As original as import drag racing is to the United States, top speed runs have been a form of premier racing for many Japanese tuning shops. Unlike drag racing, which usually lasts less than 10-seconds down the 1320, top speed runs can last a couple of minutes and several miles until the vehicle reaches its top speed. Like drag racing, it is a no-holds-barred showdown, pushing automotive technology to the ragged edge around a high-speed oval.

No stranger to top speed racing, Blitz Japan has been an active participant in many types of motorsports since the company hit the scene as a small tuning shop in 1977. When Toyota Japan introduced the Altezza in 1999 (Lexus IS300 in the United States), Blitz technicians wasted no time in researching and developing a complete line of performance enhancements for the Altezza. Parts ranging from the simple sthetics of an aerodynamics kit to the high performance turbo kit for the 3S-GE engine were developed in-house by Blitz engineers.

The silver Altezza that graces these pages is not your standard four-door sedan, unless of course you know of any other four-door sedans with a top speed of 270 km/h (168.75 mph). The Altezza sports an internally stock four-cylinder 3S-GE engine boosted by a Blitz turbo kit. If you are wondering where the other two cylinders are, you might be surprised to find that U.S.-spec Lexus' are often outfitted with larger displacement engines than those found overseas.

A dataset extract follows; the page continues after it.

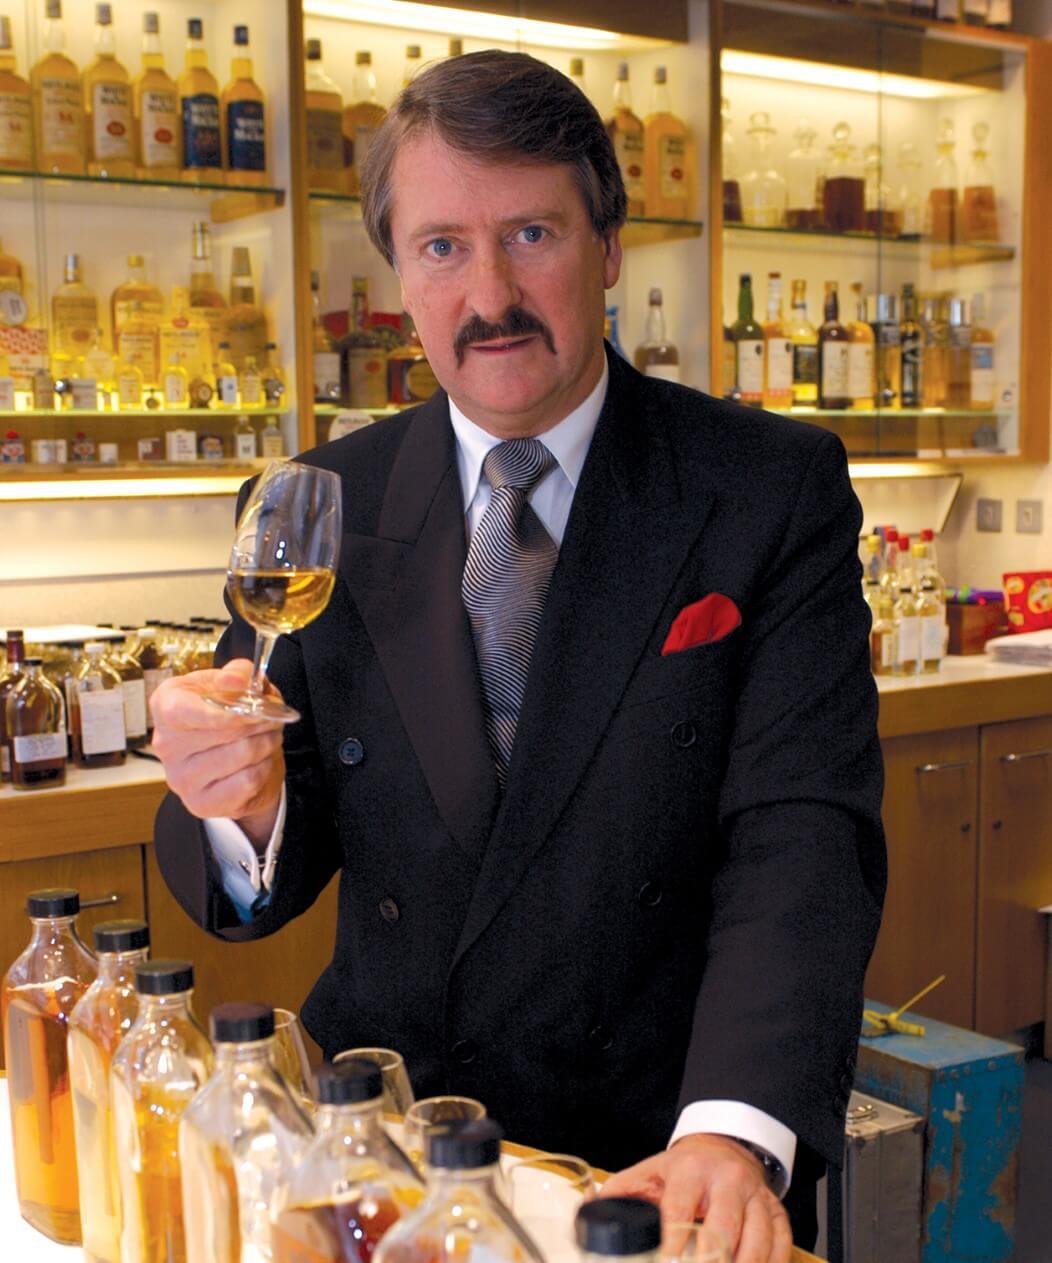 Master blender Richard Paterson

The 3S-GE engine found in the Japan-spec Altezza is an updated version of the second-gen MR2 engine, minus the key letter "T" (for turbo). However, even with the lack of a turbocharger, the stock, normally aspirated VVT-i controlled 3S-GE engine makes 10 more ponies than the previous generation turbo 3S-GTE engine, pushing power rating from the original 200 to the current 210 hp. To further up the power ante, Blitz engineers outfitted the engine with a K3T-3070MGA turbocharger regulated to 0.6 kpa (8.82 psi) by a Blitz Type C42 wastegate and SBC-iD boost controller. Since the 3S-GE engine still runs stock internals and high-compression pistons (11.5:1), boost levels had to be kept to a minimum. The turbocharger and wastegate are mounted on an equal-length, stainless-steel turbo manifold. From the hot side of the turbo, spent gases are expelled through a 3-inch downpipe and Blitz Nur-Spec Racing 80mm polished stainless-steel exhaust.

On the intake end, a Blitz Sus Power Cleaner prevents harmful elements from entering the turbocharger. On the cold side, compressed air is routed through mandrel-bent aluminum tubing and force-fed into a Blitz front-mount chiller. The cooler is a dual-purpose unit, in that it lowers charge air temperatures to an optimum level before the intake and generates a wicked front fascia treatment on the Altezza. To protect the turbocharger from compressor surges between shifts, a Blitz DD blow-off valve was incorporated along the intake tract. The Altezza runs a stock ignition set-up with the exception of Blitz Iridium-spec 77 spark plugs. A high-volume Blitz in-tank fuel pump and larger injectors ensure proper air/fuel ratios are maintained while the fuel and ignition maps themselves are fine-tuned by a Blitz Access-tuned ECU. The entire performance package boosts drive-wheel power figures to 298 hp, enough to propel the Altezza to 168.75 mph.

Drivetrain upgrades have been kept to a minimum with the exception of a Blitz Active dual-disc clutch transferring the power from a lightened flywheel to the six-speed manual transmission and TRD limited-slip differential. A Blitz Sachs SP7 coilover set-up provides the lowered stance and extra road-hugging grip at full thrust.

Nicely filling the wheel well of the Altezza are 18-inch Blitz Technospeed rims, which are home to extra-sticky Dunlop FM901 tires. Residing within the stock binders are upgraded Blitz performance brake pads. Further closing the ground space between the asphalt and body is a Blitz body kit. The kit consists of a front lip spoiler, front grille, rear spoiler and three-piece tail. Not only does the kit add an aggressive aura to the Altezza, but also the extra downforce needed for the high-speed oval.

With the amount of modifications performed on the Altezza, you would think it was a pure track car, but it is far from that. Blitz claims the Toy still sees the streets on a regular basis and from the working radio and full interior amenities, we believe them. The idea of having a four-door family car doesn't seem so bad after all, huh?